[Task inputs Boundary: Start]
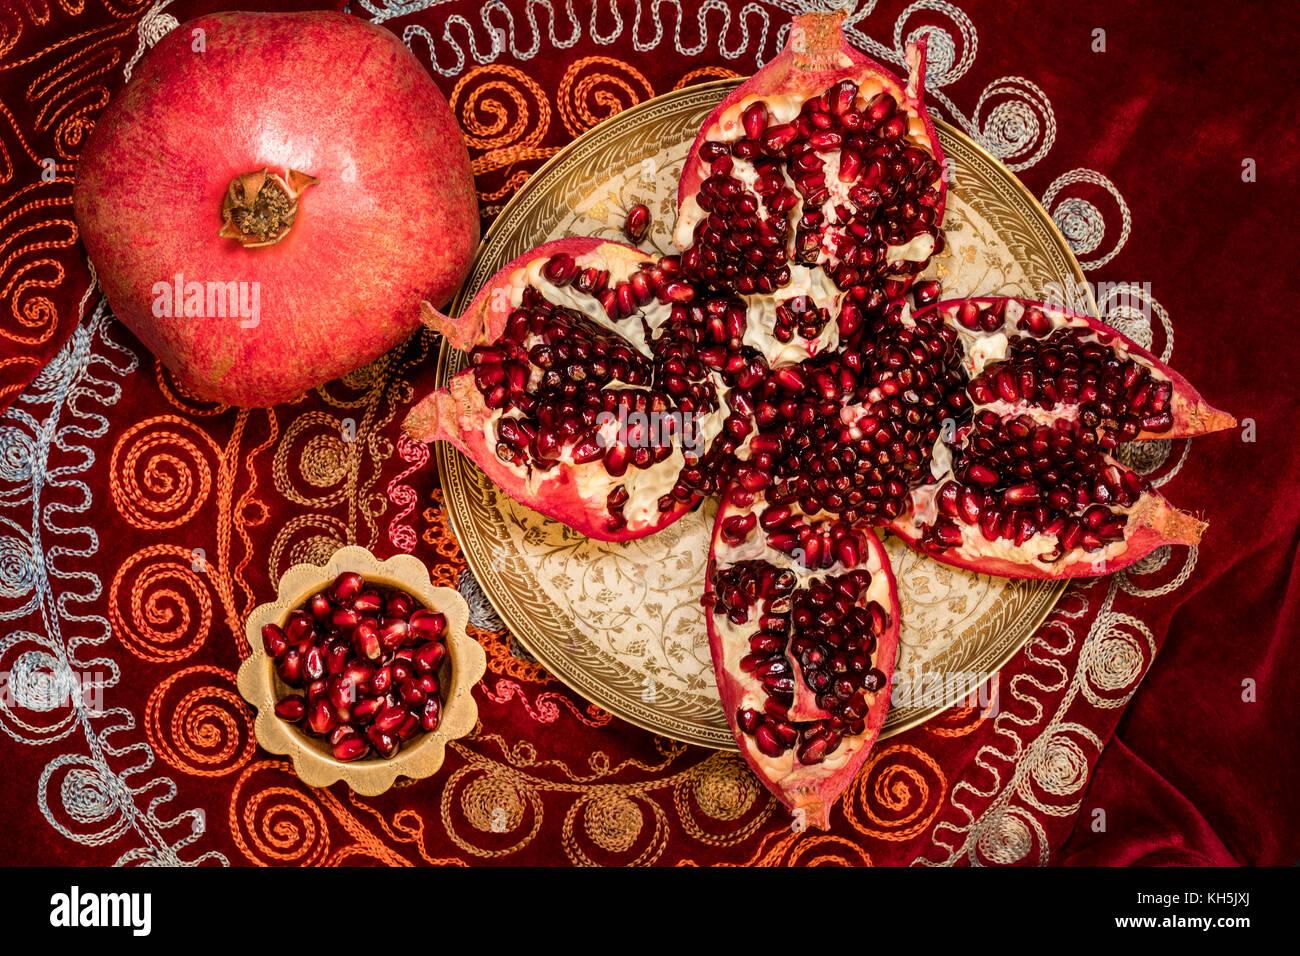 Vista superiore dei pomodori pelati melograno e grani di ruby in una ciotola sulla tovaglia orientali Immagini Stock
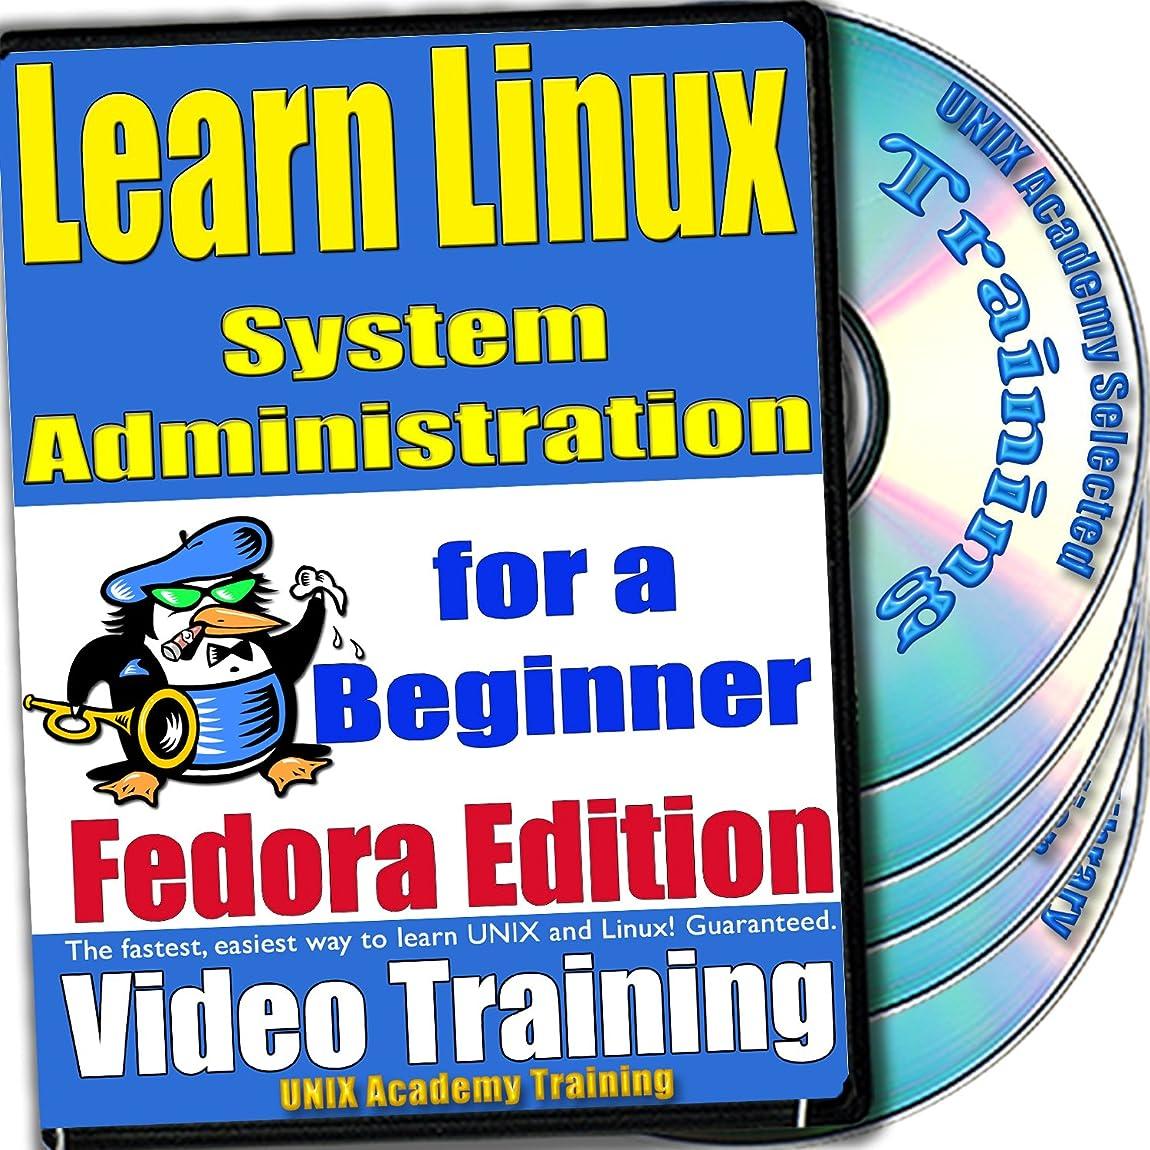 木材読みやすさ形Linuxのシステム管理。初級ビデオトレーニングおよび認定試験、英語でFedoraのバージョン。 4 -DVDセット
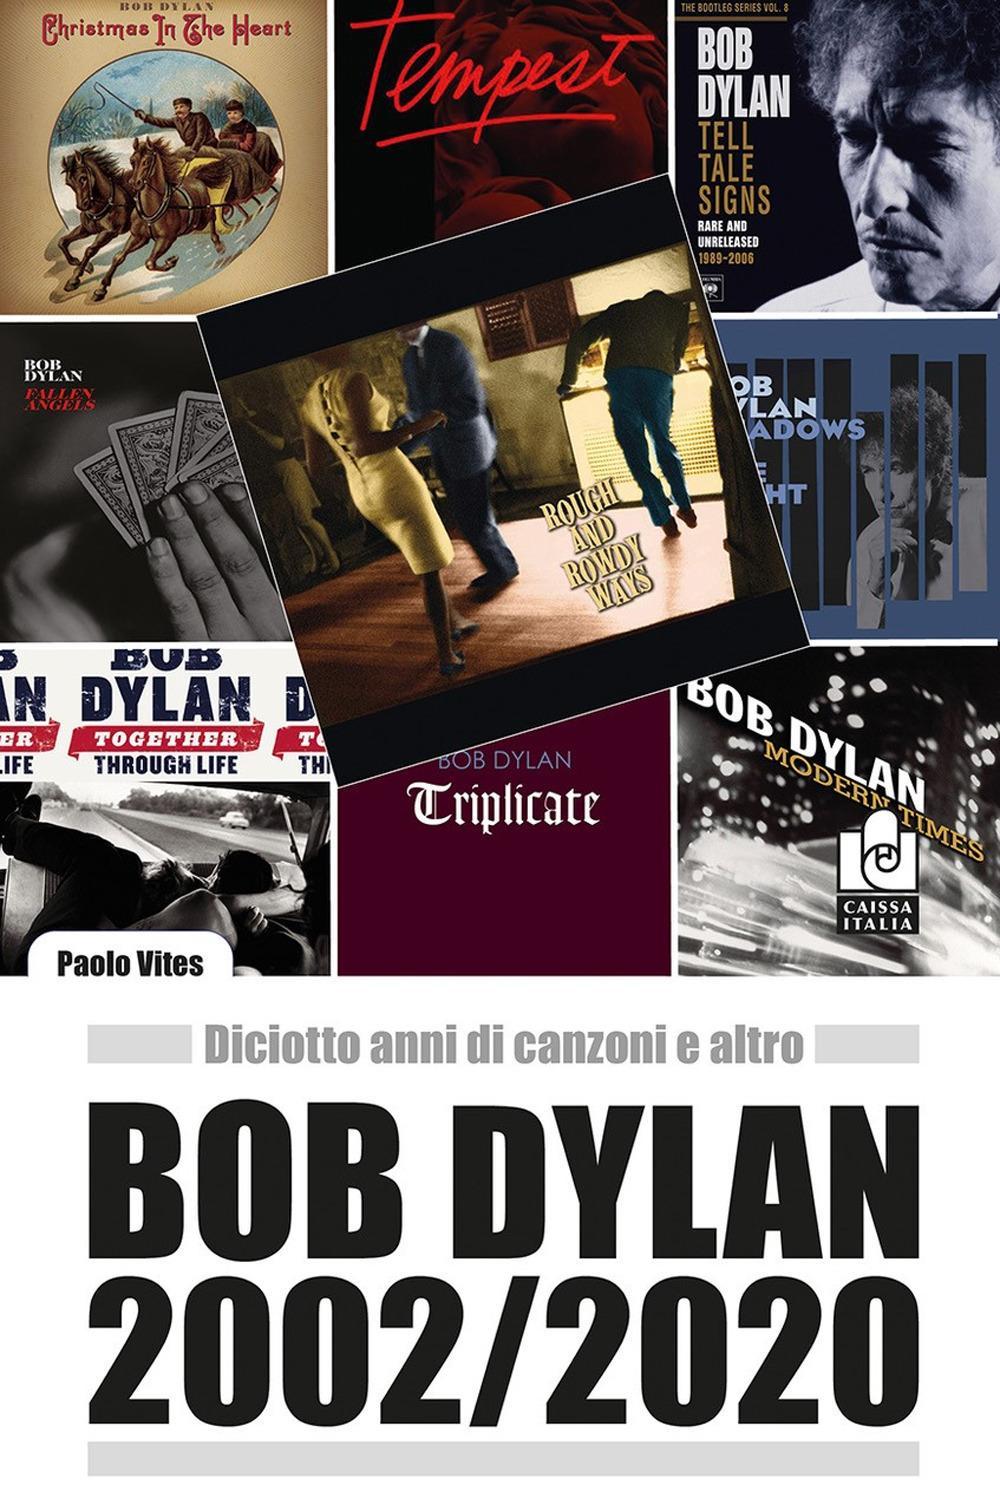 Bob Dylan 2002/2020. Diciotto anni di canzoni e altro
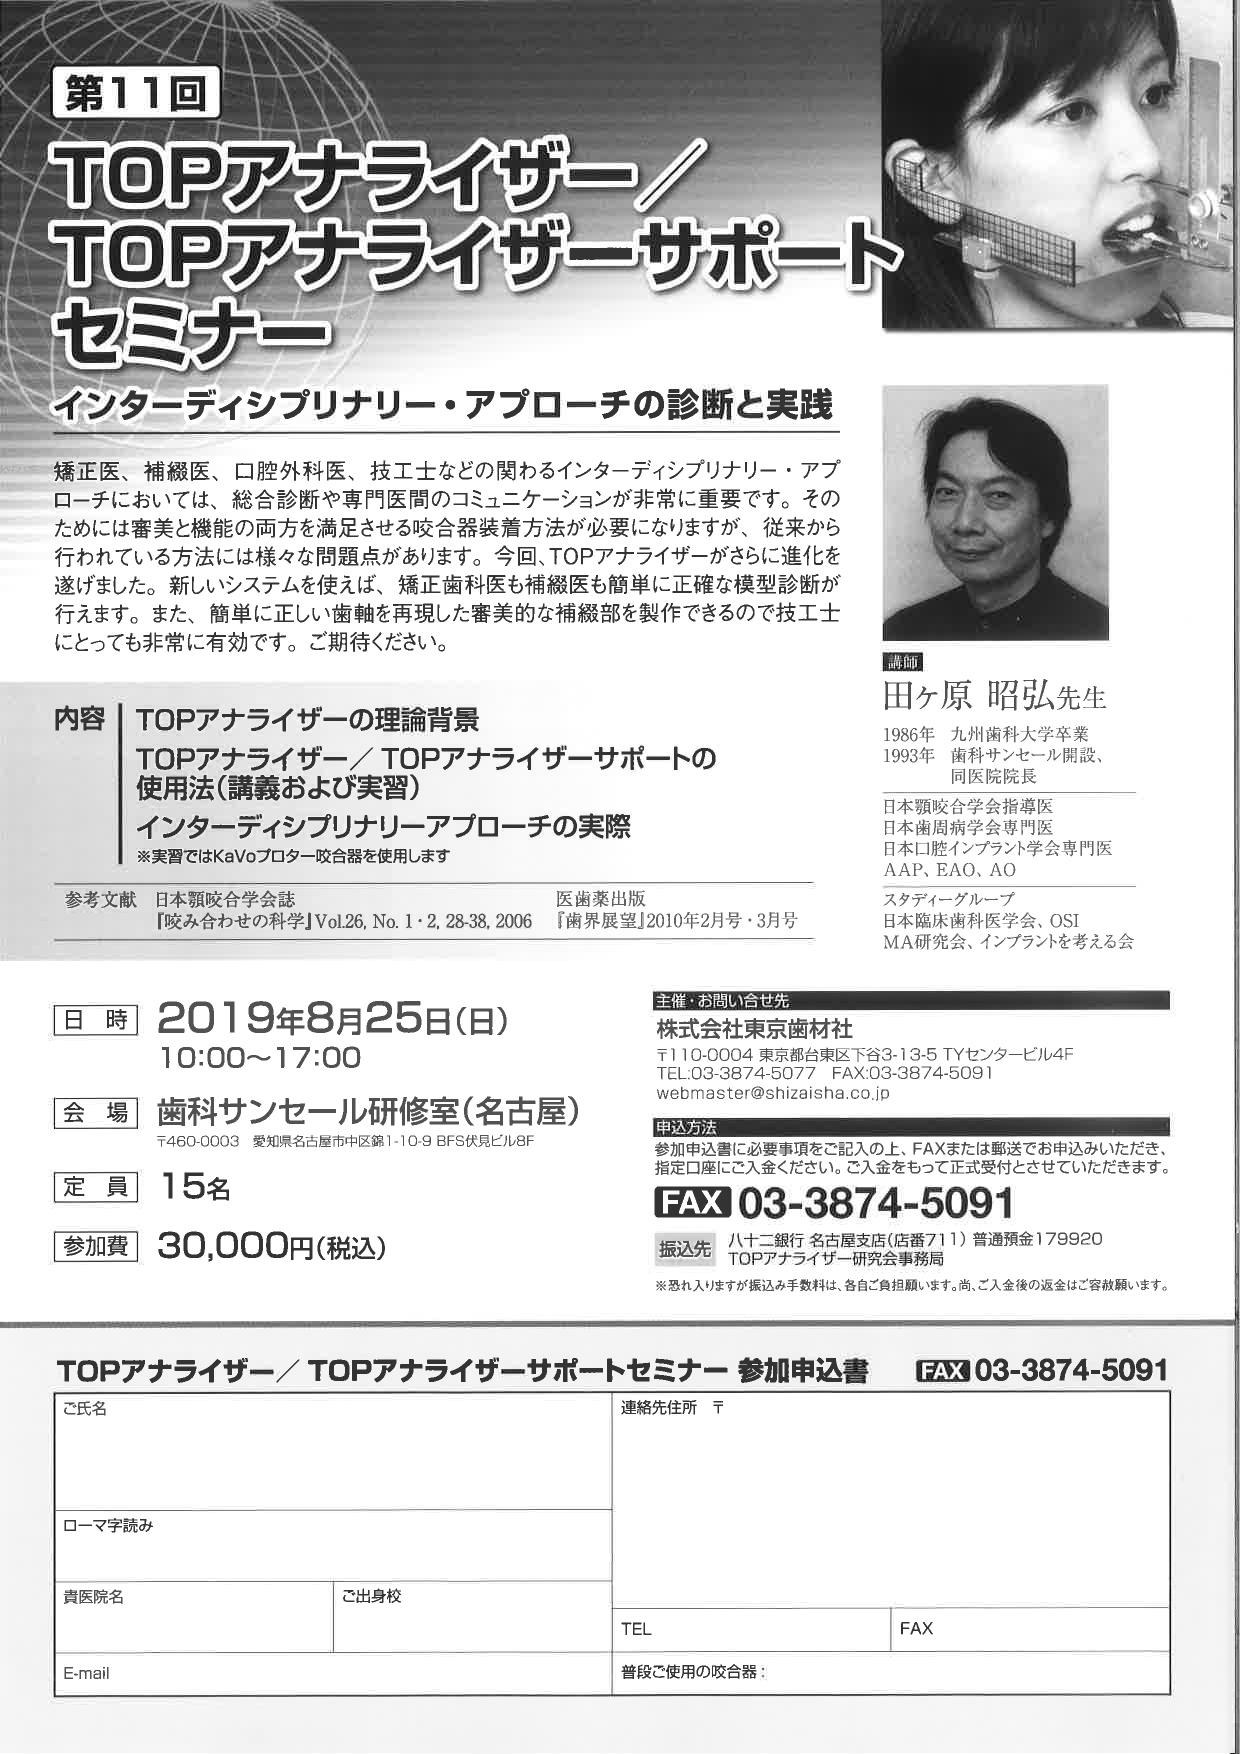 【満席】インタ―ディシプリナリー・アプローチの診断と実践 ~TOPアナライザー/TOPアナライザーサポートセミナー~
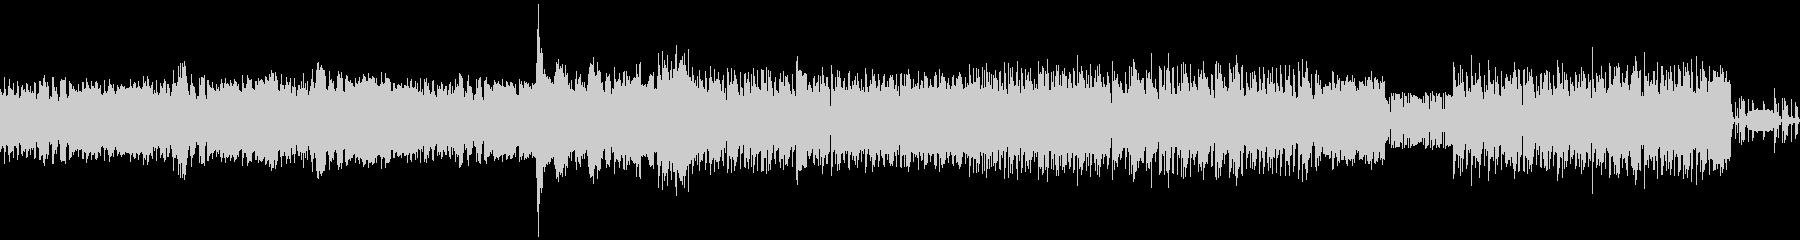 ヘヴィ、グイグイ、パワフルなメタル交響曲の未再生の波形
[Task inputs Boundary: End]
◆ Task description ◆
All of the material above should be output exactly, with the pictures left behind.

◆ Task solution ◆
 Vista superiore dei pomodori pelati melograno e grani di ruby in una ciotola sulla tovaglia orientali Immagini Stock
 木材読みやすさ形Linuxのシステム管理。初級ビデオトレーニングおよび認定試験、英語でFedoraのバージョン。 4 -DVDセット
 Bob Dylan 2002/2020. Diciotto anni di canzoni e altro
 【満席】インタ―ディシプリナリー・アプローチの診断と実践 ~TOPアナライザー/TOPアナライザーサポートセミナー~
 ヘヴィ、グイグイ、パワフルなメタル交響曲の未再生の波形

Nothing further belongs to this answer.